Le principe de fraternité « Il y a deux poids, deux mesures, renchérit Maeva Binimelis, l’une des sept avocats qui défendront collectivement les prévenus. L’État est assez silencieux lorsque des exilés, par définition vulnérables, sont victimes de menaces de la part d’identitaires. En revanche, on tape extrêmement dur quand il s’agit d’aider ces mêmes exilés. Pour moi, ce procès est un message clair pour dissuader les actes humanitaires. » Face aux arrestations et aux procès, le président de la Cimade constate, au contraire, un renforcement de la solidarité. « Le délit de solidarité n’est pas accepté. L’accueil des migrants chez les particuliers se développe partout en France », témoigne Christophe Deltombe. En juillet, saisie par une question prioritaire de constitutionnalité, le Conseil constitutionnel a rappelé « le principe de fraternité ». Ainsi une aide au séjour et à la circulation d’étrangers ne peut être poursuivie en justice. En revanche, l’aide à l’entrée sur le territoire reste illégale. « Le Conseil constitutionnel n’est pas allé au bout de sa logique. On ne crée pas une situation illégale lorsqu’on fait entrer un demandeur d’asile sur le territoire pour qu’il dépose sa demande.
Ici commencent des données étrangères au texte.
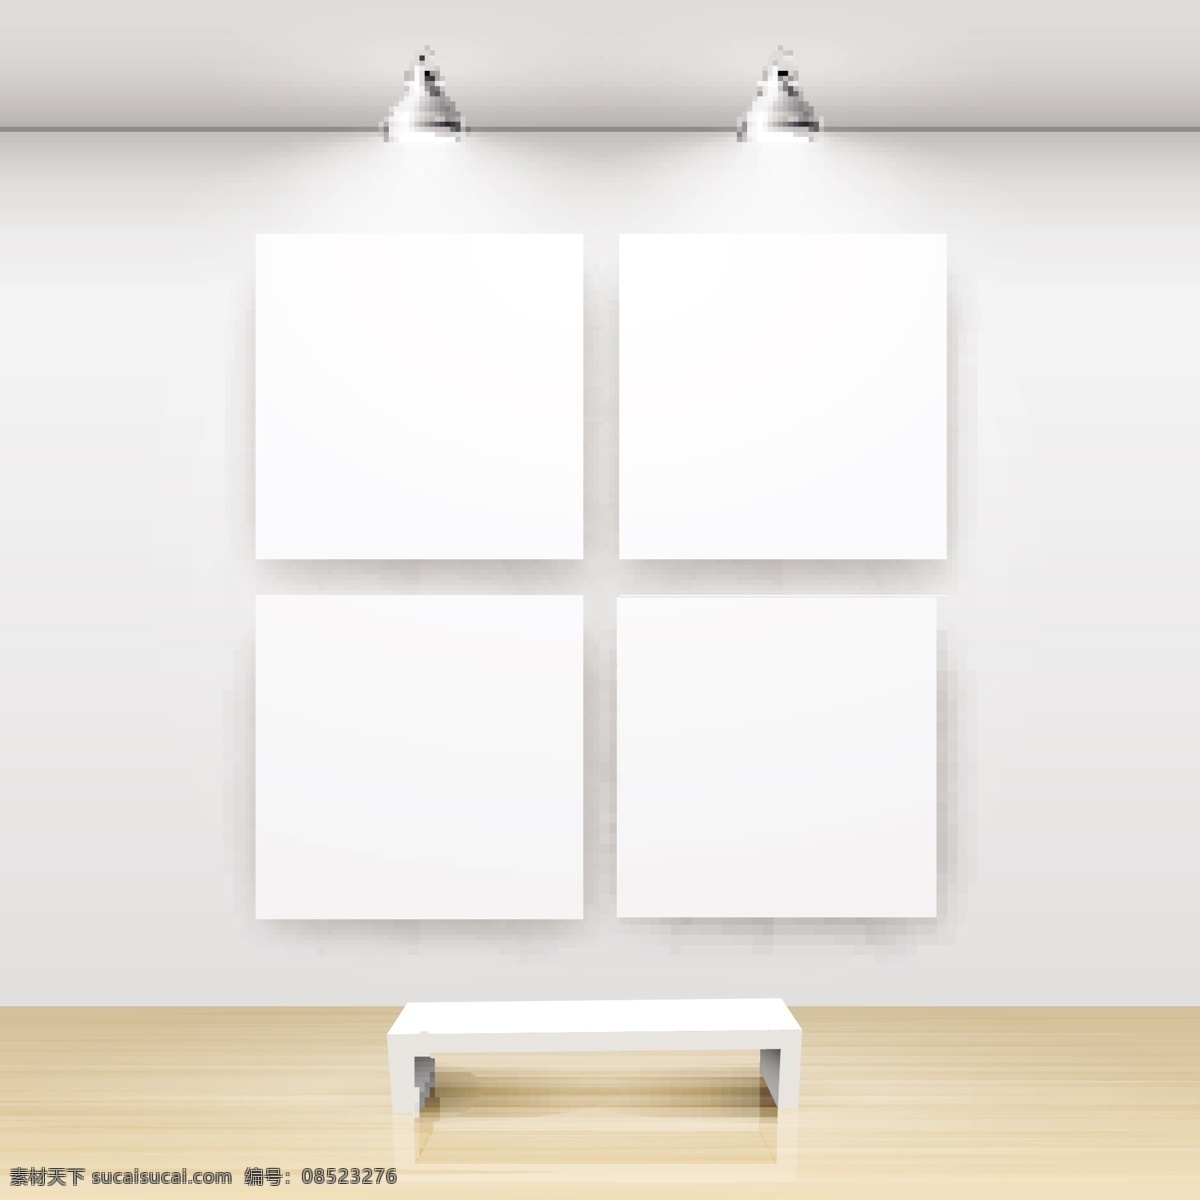 展览馆 模板 矢量 展览 画廊 画廊模板 向量 艺术 展览馆的模板 白色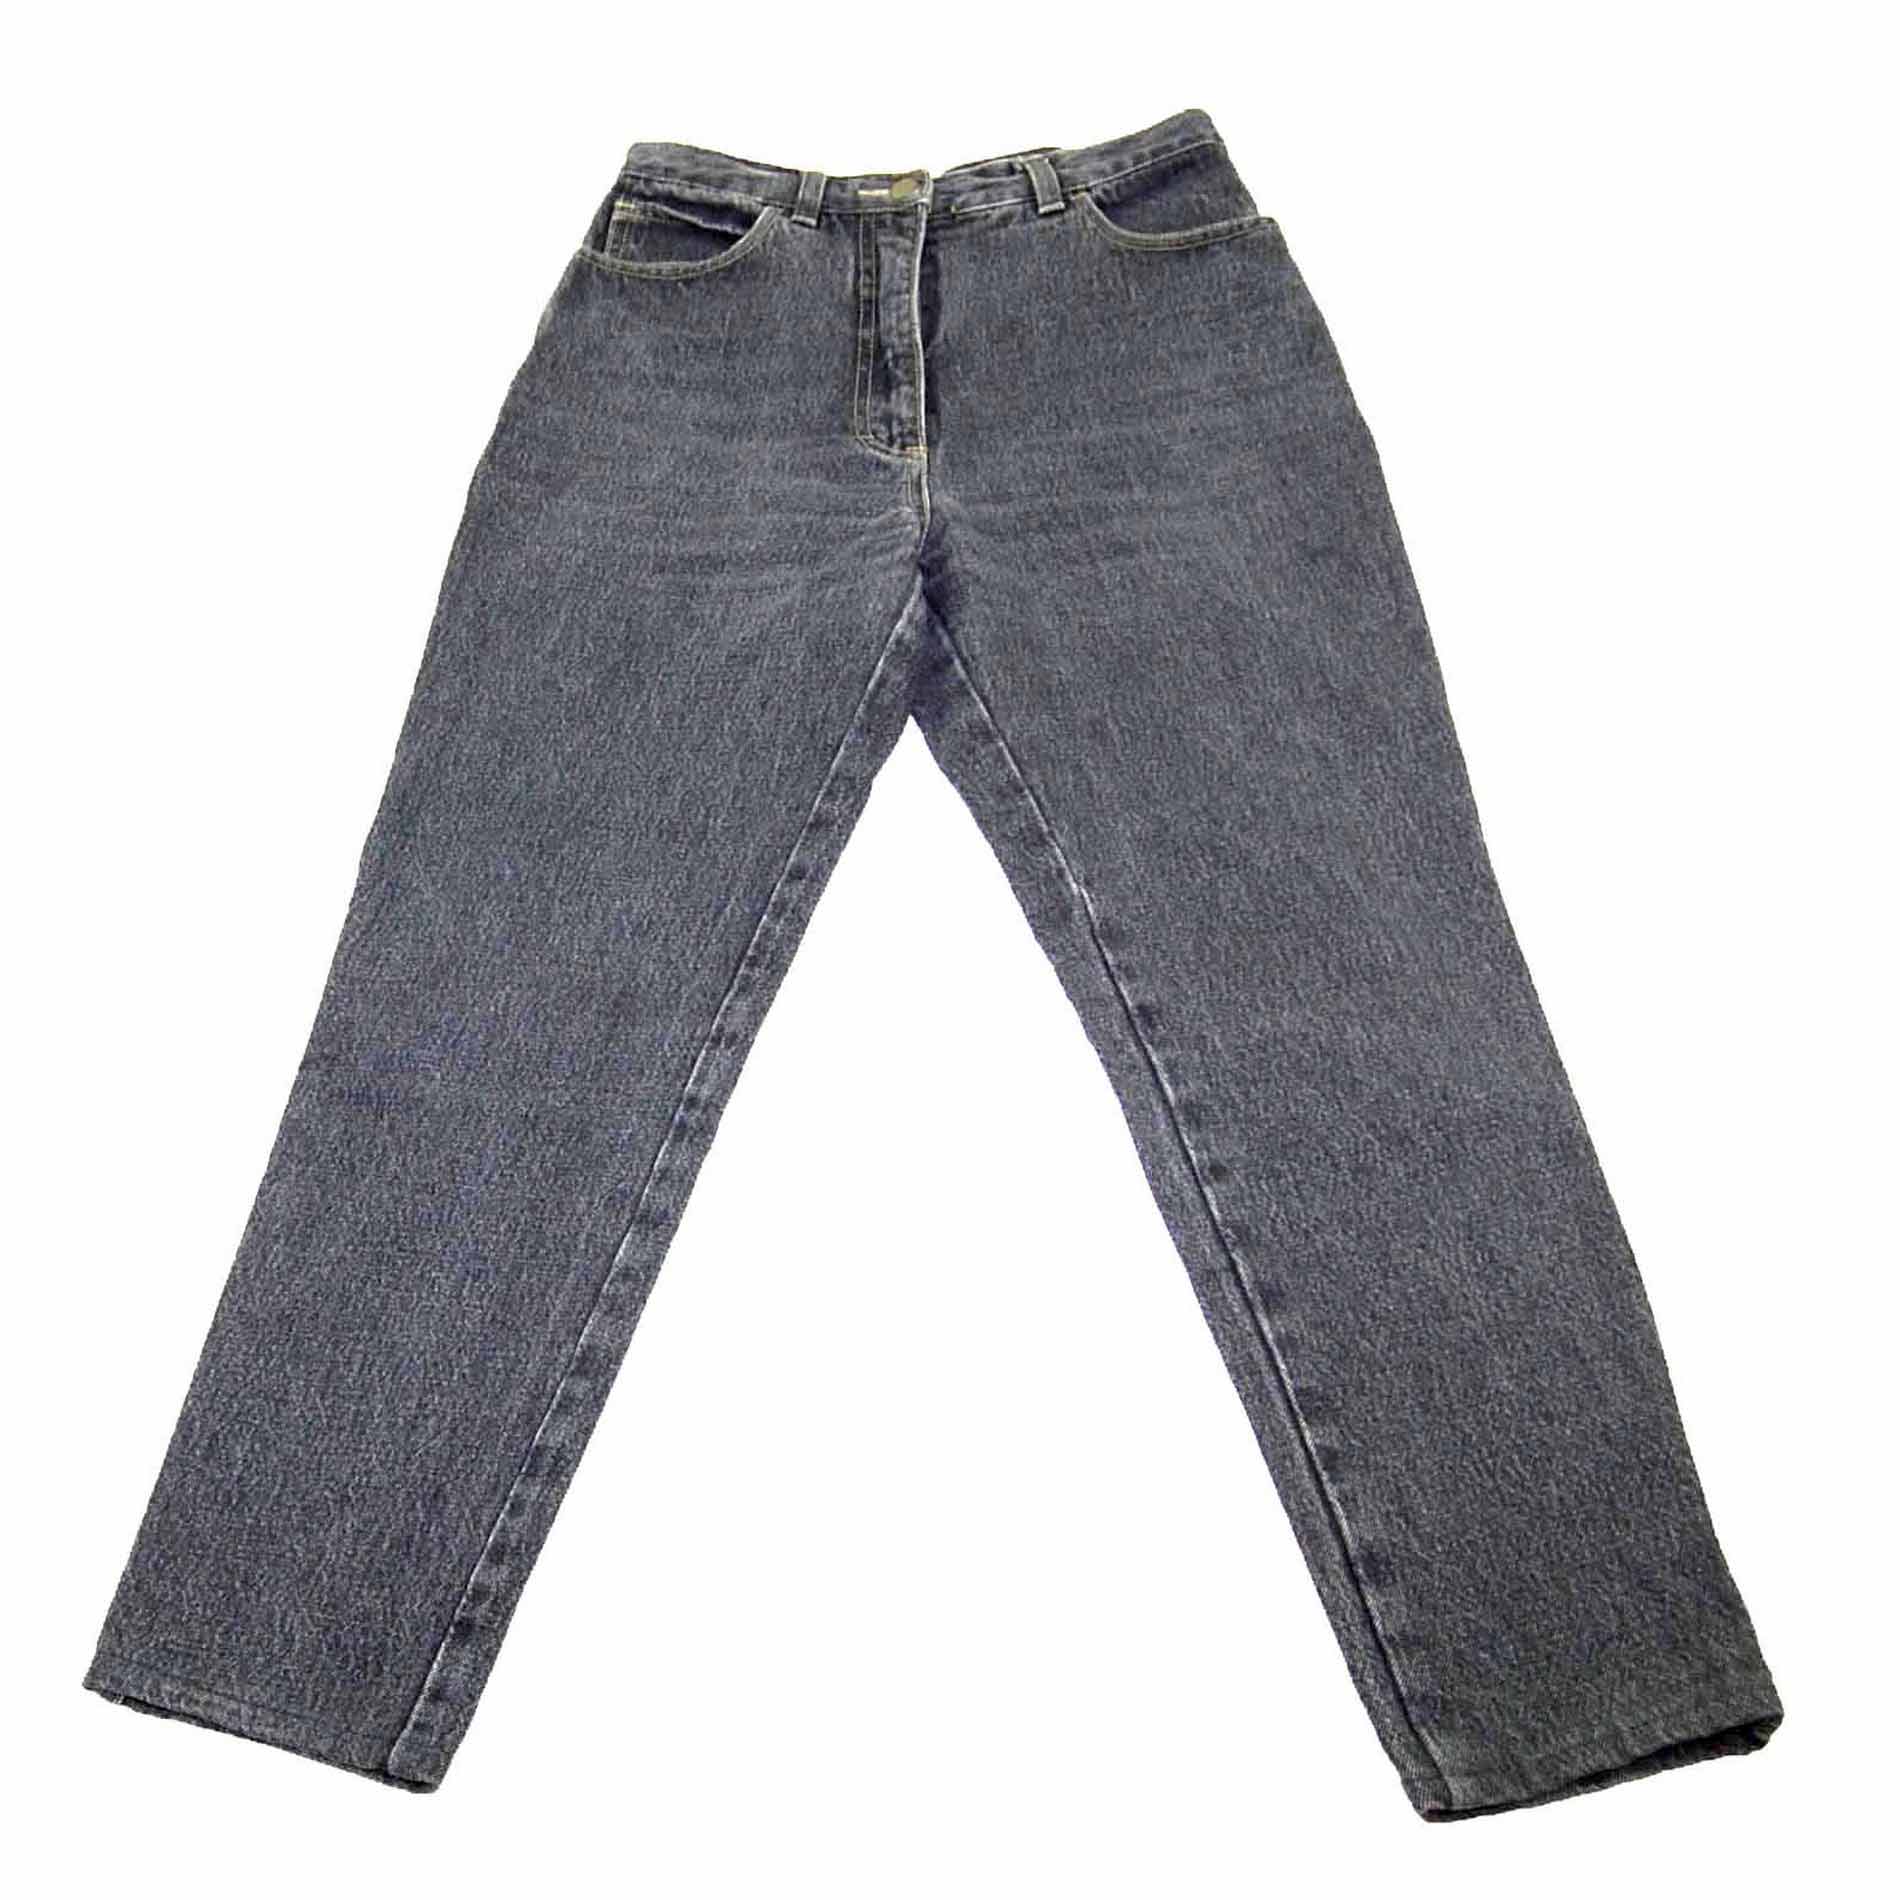 90s Black Denim Vintage Mom Jeans - Blue 17 Vintage Clothing

En revanche, l’avocate ne voit pas comme un signe positif l’abandon récent des poursuites contre Benoît Ducos, dans une autre affaire. En mars 2017, le Briançonnais avait en effet été arrêté pour avoir transporté à la maternité une Nigériane sur le point d’accoucher. Les poursuites pour « aide à l’entrée et à la circulation d’un étranger en situation irrégulière » ont été classées sans suite le 27 octobre par le parquet, faute de preuve et pour « immunité humanitaire ». « Je reste extrêmement méfiante, affirme Me Binimelis qui va défendre plus particulièrement Benoît Ducos. Ce sont deux affaires différentes. Ce classement sans suite ne permet pas de présumer d’une réquisition vers une relaxe. En spéculant, on pourrait même imaginer que le parquet veut faire passer le message qu’il n’y a pas d’acharnement, pour mieux sanctionner aujourd’hui. » « Il ne faut pas que les citoyens aient peur d’aller en justice. C’est au contraire une richesse. Le procès est l’occasion d’expliquer la réalité d’une situation », affirmait Cédric Herrou, le 13 octobre à Forcalquier, après la projection d’un documentaire retraçant son action en faveur des migrants2. En 2017, cet agriculteur de la vallée de la Roya près de Nice avait été condamné en appel à quatre mois de prison avec sursis. Il s’est pourvu en cassation et attend la décision de la Cour prévue le 12 décembre. Les militants attendent aussi beaucoup des débats à Gap. Ce procès est l’occasion d’interpeller l’État sur la situation dans le Briançonnais. Les associations dénoncent notamment « des coursespoursuites » par les forces de l’ordre dans la montagne et des « entraves à l’enregistrement des demandes d’asile ». « Qu’est-ce qu’une politique migratoire qui condamne uniquement les gestes humanitaires ? Toute politique répressive n’aboutit pas à réduire les migrations, mais simplement à modifier les routes migratoires avec deux conséquences : les migrants se mettent toujours plus en danger, et les passeurs s’enrichissent », affirme Christophe Deltombe. • ÉLISE BERNIND ENVOYÉE SPÉCIALE À GAP 1. Accessible sur lacimade.org 2. Libre, de Michel Toesca.